Park district eyes user fees

The Vashon Park District, looking to shore up its 2013 budget, is eying a proposal to reinstitute fees for sports and performance groups that use facilities it owns or manages, including fields, gyms and the high school theater.

The Vashon Park District, looking to shore up its 2013 budget, is eying a proposal to reinstitute fees for sports and performance groups that use facilities it owns or manages, including fields, gyms and the high school theater.

Should the proposal pass at the agency’s board meeting next Tuesday, those fees could bring in $45,000 this year, funds commissioners say the park district needs in the wake of declining property tax receipts, its main source of revenue.

“The bottom line — what is motivating this — is that we need revenue to support operations,” David Hackett, a commissioner, told the other board members at a board meeting on Dec. 18. “The fee policy could raise, conservatively, $45,000.”

The park district levied such fees years ago, a practice it shelved because of complaints about the inconsistent way those fees were applied. Last year, Hackett spearheaded an effort to create what he called a more equitable fee structure, with the caveat that those fees would go into earmarked accounts and would be used only to maintain or improve the fields, gyms or theater. The commissioners put the measure on hold last April after some youth sports groups said the fees could

place an undue burden on families with children involved in several sports.

Now, Hackett says, the park district has no choice if it’s to maintain its programs and services. What’s more, in a policy shift, those fees would not be directed to accounts that support specific public facilities but would go into the park district’s general fund.

“Our budget depends on it,” Hackett said in an interview last week.

“It’s not my preference. I think we should do whatever we can to get adults and kids to get out and run around, and a user fee isn’t consistent with that,” he added. “But in this situation, it’s necessary.”

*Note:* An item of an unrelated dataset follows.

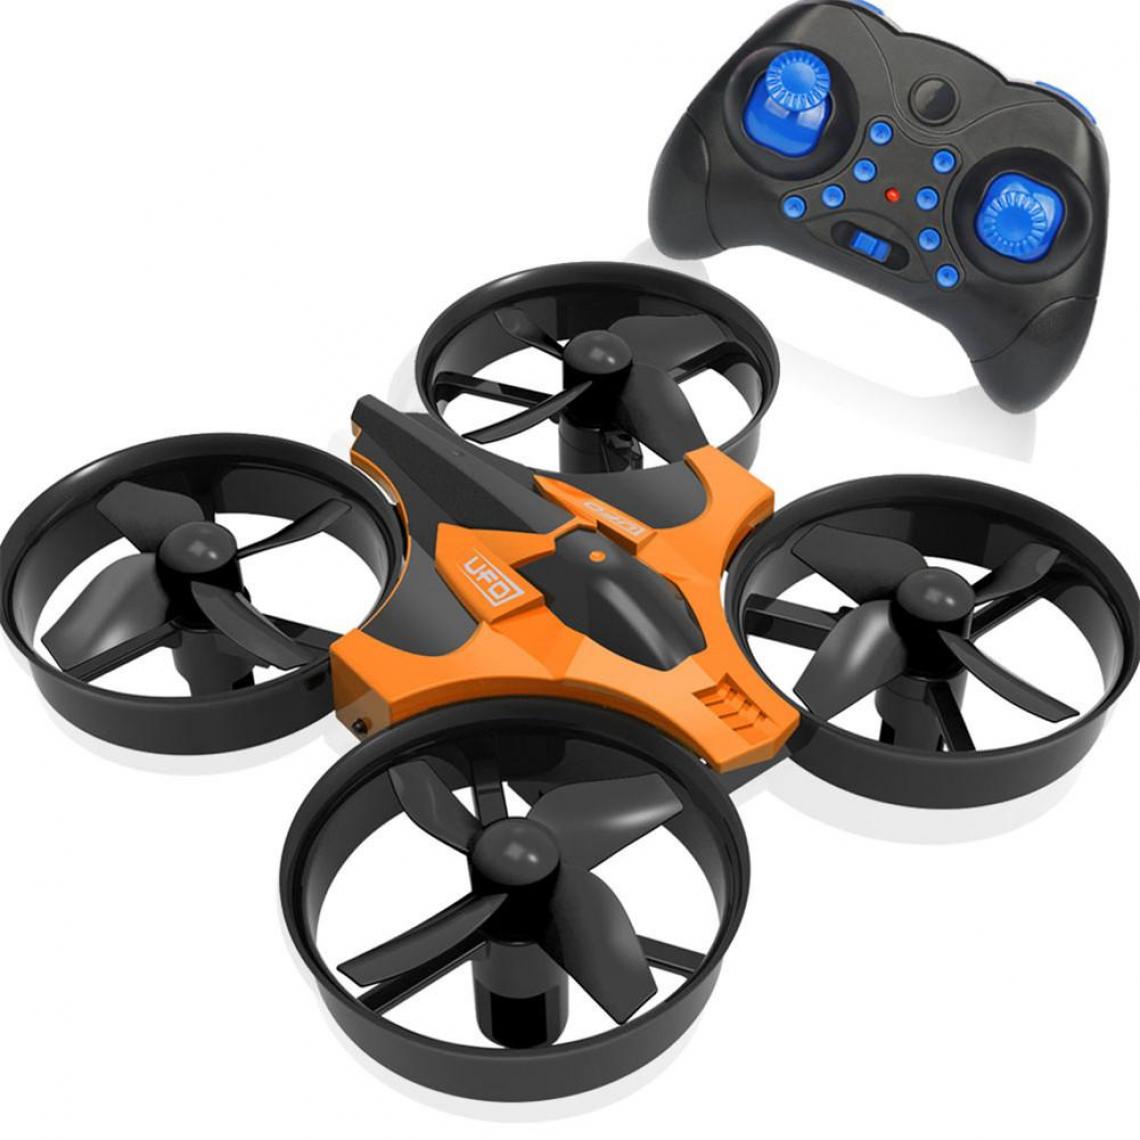 Universal - Mini drone 2.4G 4 canaux 6 axes vitesse 3D flip mode sans fil RC jouets sans mains cadeaux RTF avec télécommande E010 H8 H36 H36F | RC Helicopter(Le noir) - Drone

Some in the youth sports community voiced guarded support for the fees, in large part because of the park district’s financial plight. Under Hackett’s proposal, youth sports groups would pay on average $15 per player per sport for the right to use the fields or gyms.

“The money’s got to come from some place,” said Pat Call, a father of two boys who have played basketball, soccer, lacrosse and baseball. Call has been active in Vashon Island Junior Basketball, though he stressed he was speaking for himself and not the group.

Services the district offers have increased in the last several years, as property values climbed on Vashon, resulting in increased property tax receipts, Call added. “Now we have a choice — either ratchet down or find a new way to pay. It seems reasonable to me,” he said.

But at the same time, he said, he hoped the new fees don’t become an ongoing and escalating way to support the park district. “I think there’s a limit before you have the programs collapse,” he said.

Colby Atwood, president of the Vashon Island Rowing Club, which oversees the island’s popular youth crew team, voiced similar sentiments.

“They have to get money from someplace. And getting it from the users make sense,” Atwood said. “But I hope it’s a temporary measure.”

Some in the dance and theater community, however, said they were troubled by the new proposal.

Over the last two years, they formed a theater users subcommittee to address the issue of user fees, working closely with Hackett — who chaired the committee — to device a new system. Last spring, the group voluntarily agreed to pay $150 per performance in the high school gym with the understanding that those funds would be used to replace lights, repair curtains or fix other items that routinely get worn out in the busy theater.

Elizabeth Ripley, an active member of Drama Dock and secretary to the theater users subcommittee, said she was surprised to hear the commissioners now want to direct the funds raised from user fees to the park district’s general fund. The first she learned of the policy pending before the board was last week, when she received a call from The Beachcomber.

“I think this will come as a complete surprise to the theater users. They should at least be brought into the discussion,” Ripley said.

During discussions last year, she said, “It was pretty much the only thing the committee members asked: Where is the money going?”

Sharon Schoen, who chairs Dance!Vashon, said she’d “heard rumors” about increased fees. She, too, is concerned.

“It of course is going to impact our program. … We’ll make less profit, which means we’ll have less money for financial aid,” she said.

Meanwhile, some also questioned the policy’s underlying principle — the park district’s attempt to raise revenue by charging people who use school district facilities. Under an agreement between the two agencies, the park district manages their shared facilities.

But that agreement “didn’t envision the notion that the park district would be in severe financial trouble and didn’t envision the notion of using school district facilities to defray the costs of park district programs,” said Bob Hennessey, who chairs the school board.

Asked if he supported the proposal, Hennessey declined to comment, saying only, “The precedent does give me pause. But if the community is not in support of it, that’s for the community to decide.”

Hackett, however, said he’s heard little opposition. “People want the facilities to be opened,” he said.

As for the theater users’ contention that they’d agreed to a different approach, Hackett said, “All that’s thrown out the window. We’re not doing a theater improvement fund. … We don’t have the tax revenues.”